1 Tablespoon Black Pepper
1 Tablespoon Chili Powder
1 Tablespoon Paprika
1 Tablespoon Cumin
1 Tablespoon Garlic Powder
1-3 Teaspoons of Vinegar
Place all of your spices in a bowl and mix. Slowly add your vinegar. I cant remember exactly how much I used.
You want your spices to look like wet sand/paste so you can rub it on your pork and have it stick.
Crock Pot Ingredients:
1 Yellow Onion (chopped)
2 Garlic Cloves (crushed)
1 (15-ounce) Can Fire Roasted Tomatoes
4 to 5 Pound Pork Shoulder
Put the onion and garlic in first, then place your seasoned pork on top.
Next pour the tomatoes over it. Cover. Cook on High for 4-6 hours.
The pork will fall off the bone. That is how you know it is ready.

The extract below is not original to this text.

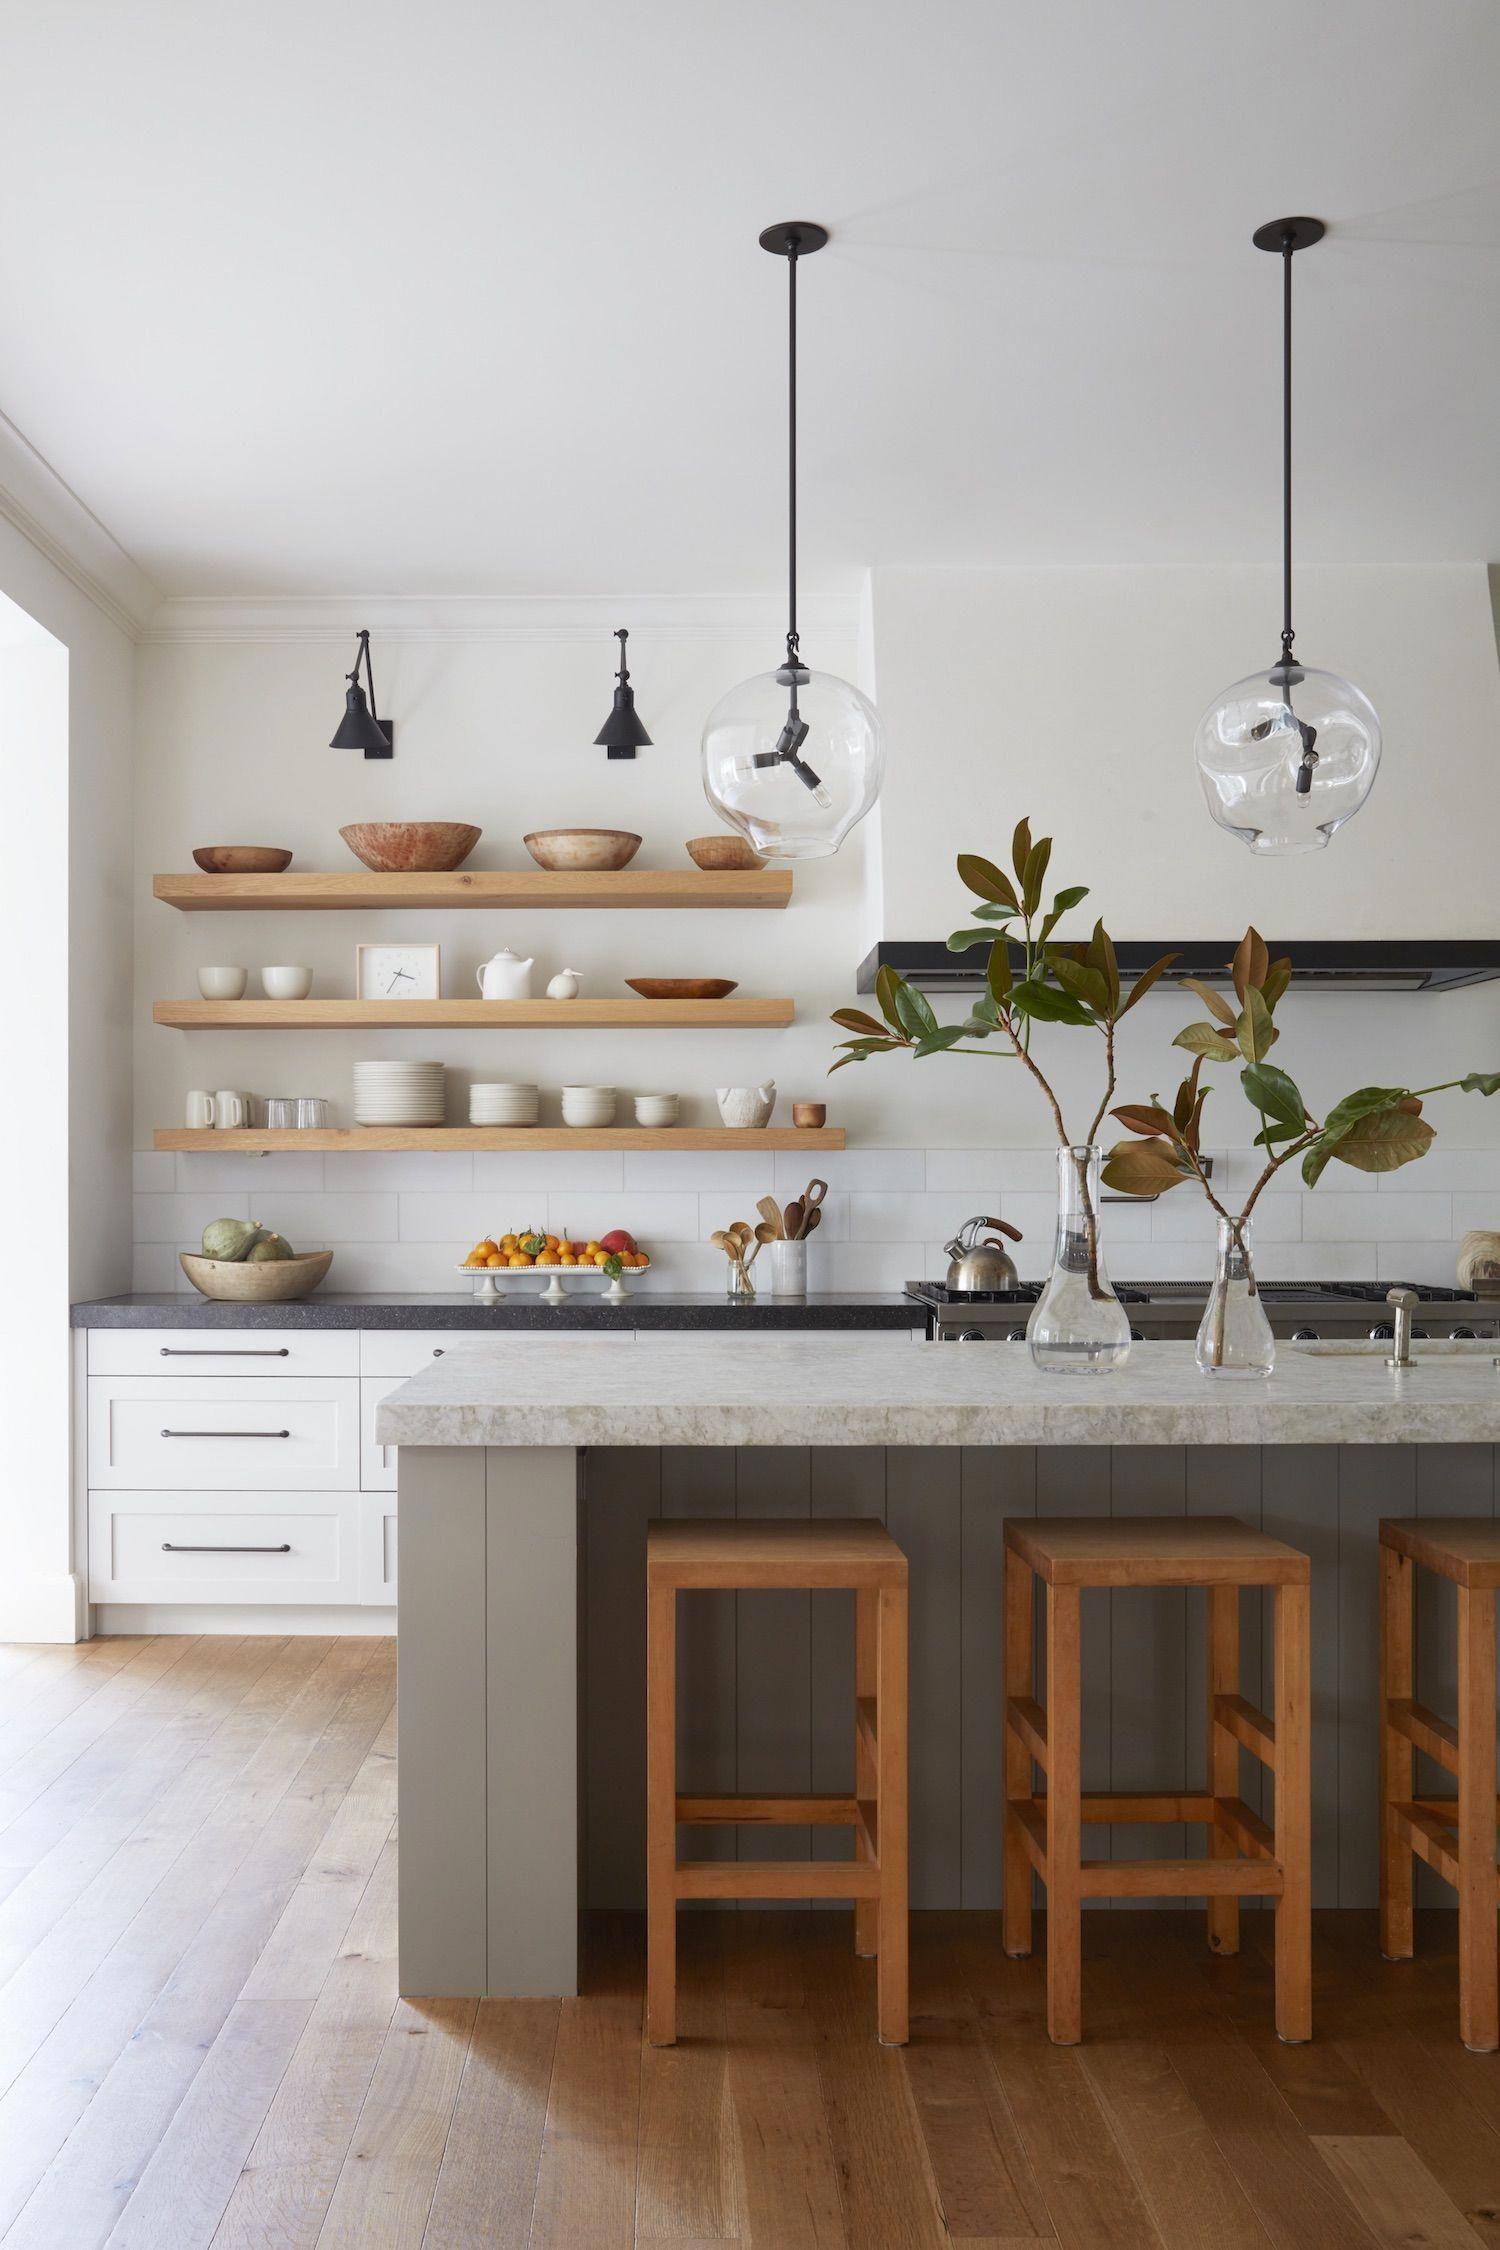 Color palette overall simplicity  elle design brentwood revival california interior firm moderninteriordesign also rh pinterest

Remove the pork and shred into a separate bowl.
Cilantro Lime Sauce:
1/4 Cup Lime Juice (fresh)
2 Tablespoons Vinegar
1/2 Bunch Cilantro
1 Tablespoon of Honey
1 Tablespoon of Brown Sugar
1/4 Teaspoon Salt
1/3 Clove Garlic (minced)
1 1/2 Tablespoon Dijon Mustard
1 1/2 cups of Salad or Olive Oil
In a blender, mix your cilantro, lime juice and vinegar. Next add your garlic, sugar, honey and salt.
Add mustard. Then, slowly add your oil.
The avocado is a must! The fatty avocado combined with the savory pork and the citrus sauce made this taco outstanding!